Carnegie could not stand opprobrium, and went out of his way to respond to it, even (perhaps especially) when it was justified. It is pretty clear that his desire for a "good name" is what led to his split with Frick, and is what was driving him to his "good works." Frick's reply was not just the rough language of a coke and steel man, but a barb aimed at Carnegie's secret fear.
Early in the book, the author promises that there are many incidental stories that he won't cover. Parts of the history of steel, or of one man or the other, or of America, that don't directly relate. I had no idea, when I mildly accepted his limitation of focus, how truly many stories there were. In passing, he mentions that Frick had become the "King of Coke," driving his competitors under. Carnegie worked for a railroad, and eventually built one of his own. Frick invested in a "Country Club" that owned a valley with a lake formed by damming a river. Downriver was Johnstown, and when the dam collapsed the Johnstown flood ensued. (I've got a book on the subject in my to-read pile, but had no idea of the connection until now.) Carnegie, during his heyday, got the contract for the steel to build the bridge over the Missouri at St.
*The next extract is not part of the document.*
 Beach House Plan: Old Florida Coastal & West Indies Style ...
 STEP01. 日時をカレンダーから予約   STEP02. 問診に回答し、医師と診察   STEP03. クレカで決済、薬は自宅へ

Louis, and to provide all the steel for the Brooklyn Bridge (I finished reading "Nothing Like It In The World" a few weeks back, so I knew that was coming.) He lived through the Civil War, the Spanish-American War, and WWI, and died of "The Great Influenza." Before dying, he had offered Woodrow Wilson, then President of the U.S., that he would create a think-tank to work for world peace if Wilson could get two of the great powers to sign eternal peace accords.
Apparently, all the really good bits of American history happened between 1846 and 1920. Man, is that frustrating!